**WHAT THE TASK REQUIRES:** When you repeat the material, keep each line exact and omit the pictures.

**INPUT DATA:**
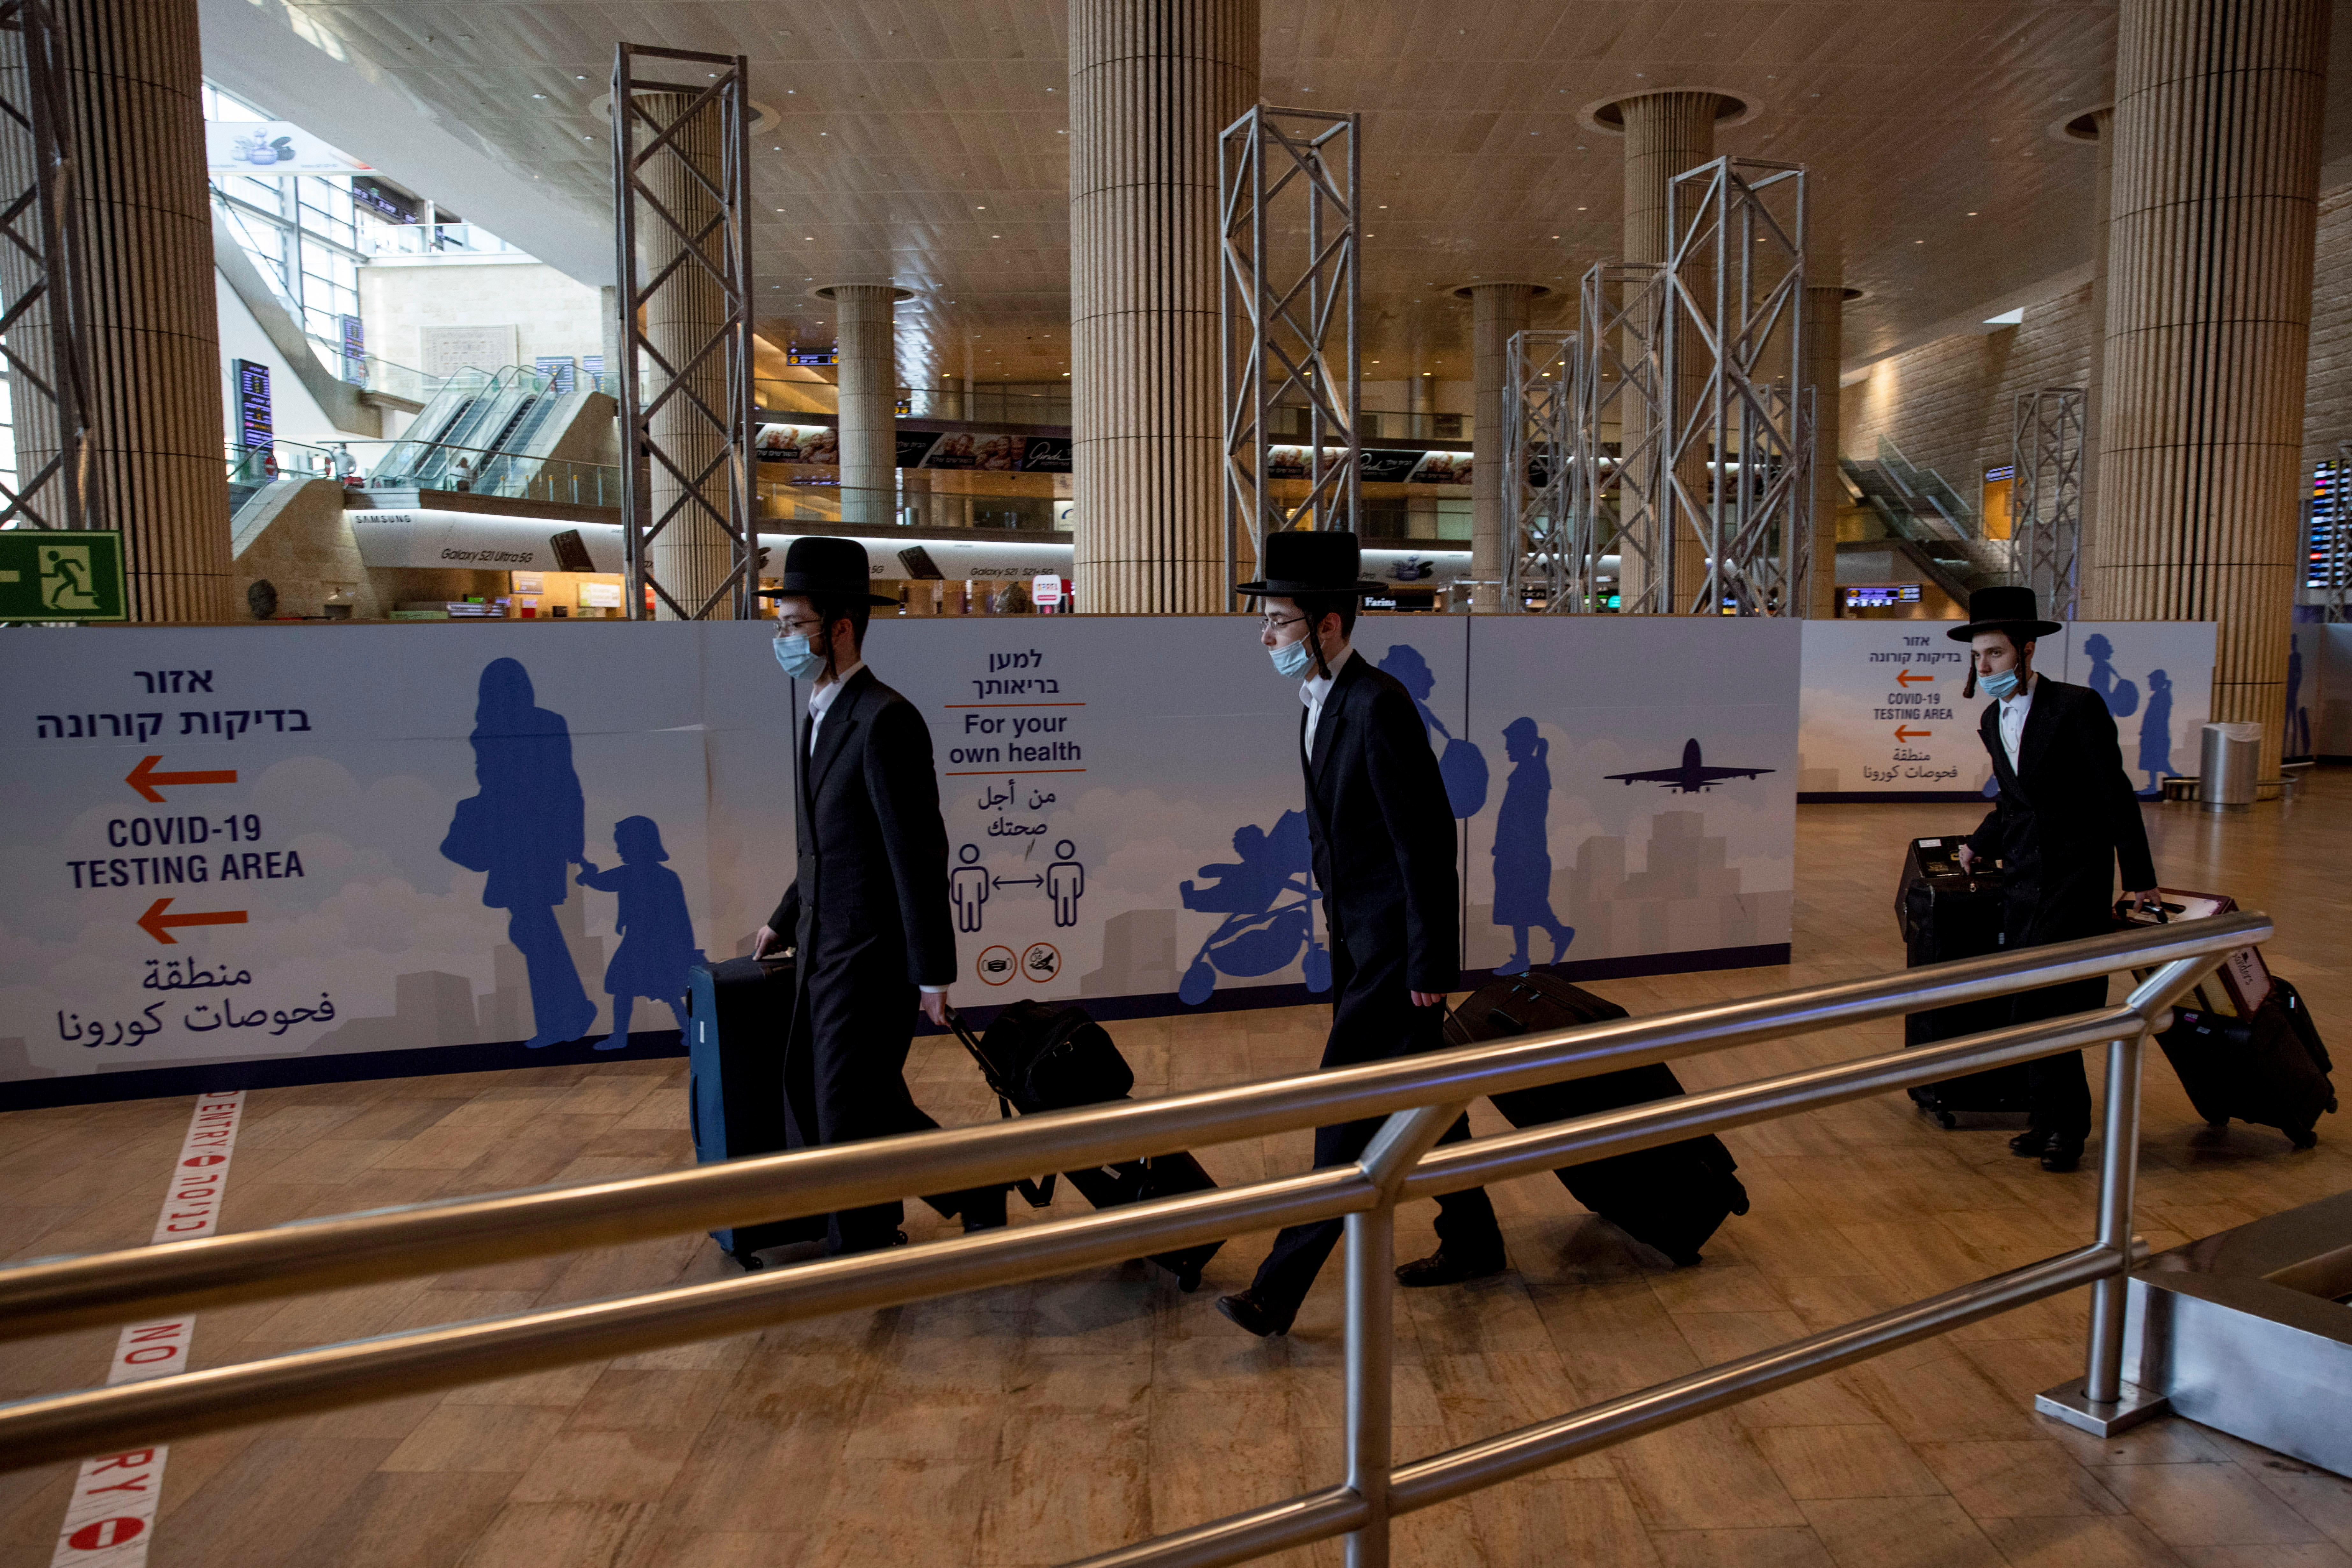 Ultra-Orthodox Jewish men walk after returning from overseas, at Ben Gurion International Airport in Lod, near Tel Aviv, Israel April 13, 2021. REUTERS/Ronen Zvulun
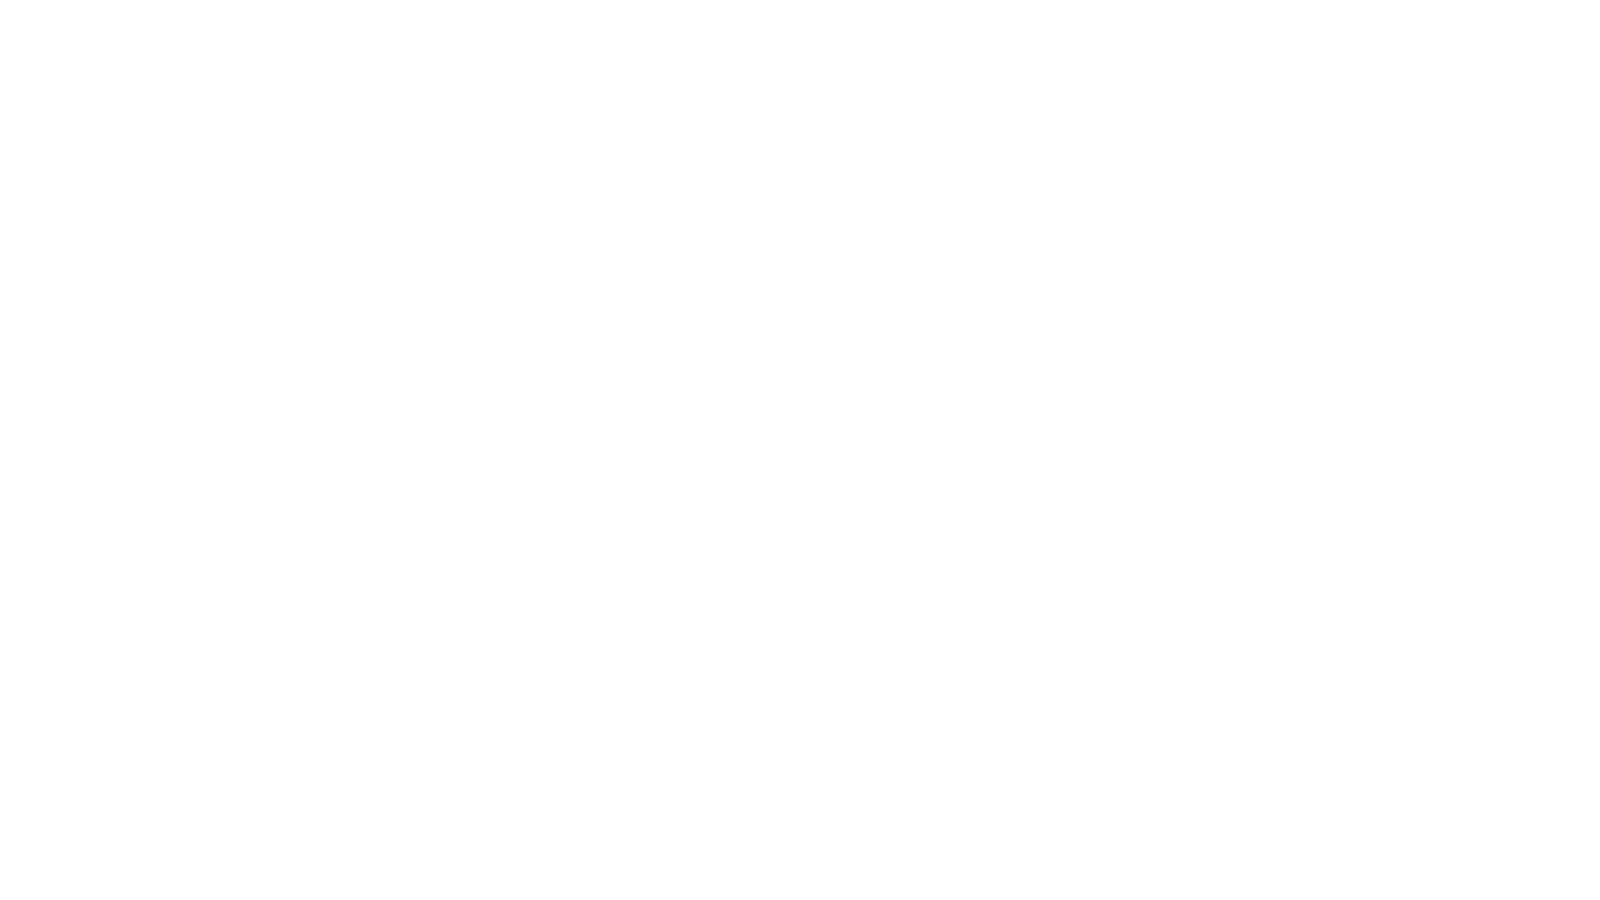 Daru, seorang pemuda di pesisir Rembang Jawa Tengah mengalami berbagai pergolakan dalam menjalani kehidupannya sebagai nelayan. Modal yang minim dengan penghasilan yang paspasan menjadikannya bimbang untuk tetap menjadi nelayan atau harus merantau ke kota besar sesuai harapan pacarnya, Asih.   Kedatangan Bella dari kota yang menawarkan modal kepada para nelayan sempat mengalami penolakan karena nelayan kapok dengan pinjaman modal yang menerapkan bunga pinjaman dan denda yang tinggi, hingga harus menghabiskan hasil tangkapan yang hanya di bayar murah.   Lalu, bisakah Bella mengambil hati Daru dari Asih dan para nelayan untuk memutuskan  'Akad'?
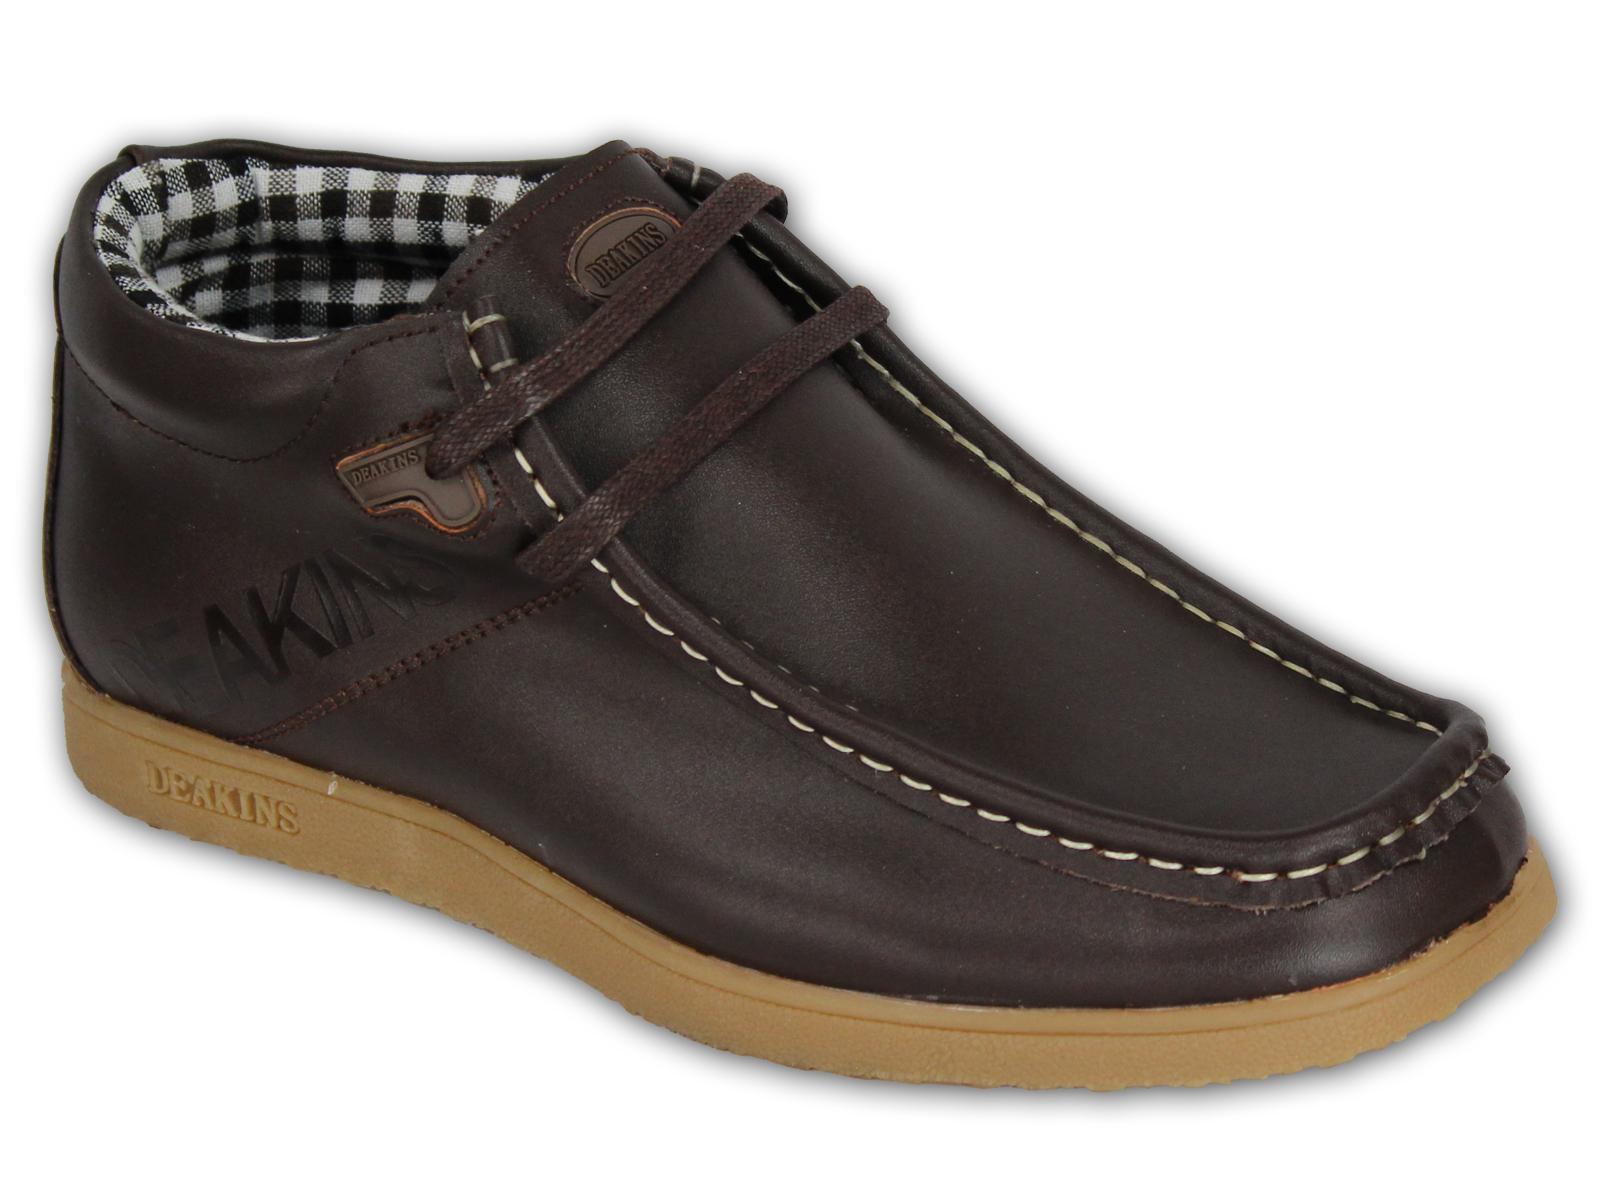 designer school shoes 28 images popular school shoes

**RESPONSE:**
 Ultra-Orthodox Jewish men walk after returning from overseas, at Ben Gurion International Airport in Lod, near Tel Aviv, Israel April 13, 2021. REUTERS/Ronen Zvulun
 Daru, seorang pemuda di pesisir Rembang Jawa Tengah mengalami berbagai pergolakan dalam menjalani kehidupannya sebagai nelayan. Modal yang minim dengan penghasilan yang paspasan menjadikannya bimbang untuk tetap menjadi nelayan atau harus merantau ke kota besar sesuai harapan pacarnya, Asih.   Kedatangan Bella dari kota yang menawarkan modal kepada para nelayan sempat mengalami penolakan karena nelayan kapok dengan pinjaman modal yang menerapkan bunga pinjaman dan denda yang tinggi, hingga harus menghabiskan hasil tangkapan yang hanya di bayar murah.   Lalu, bisakah Bella mengambil hati Daru dari Asih dan para nelayan untuk memutuskan  'Akad'?
 designer school shoes 28 images popular school shoes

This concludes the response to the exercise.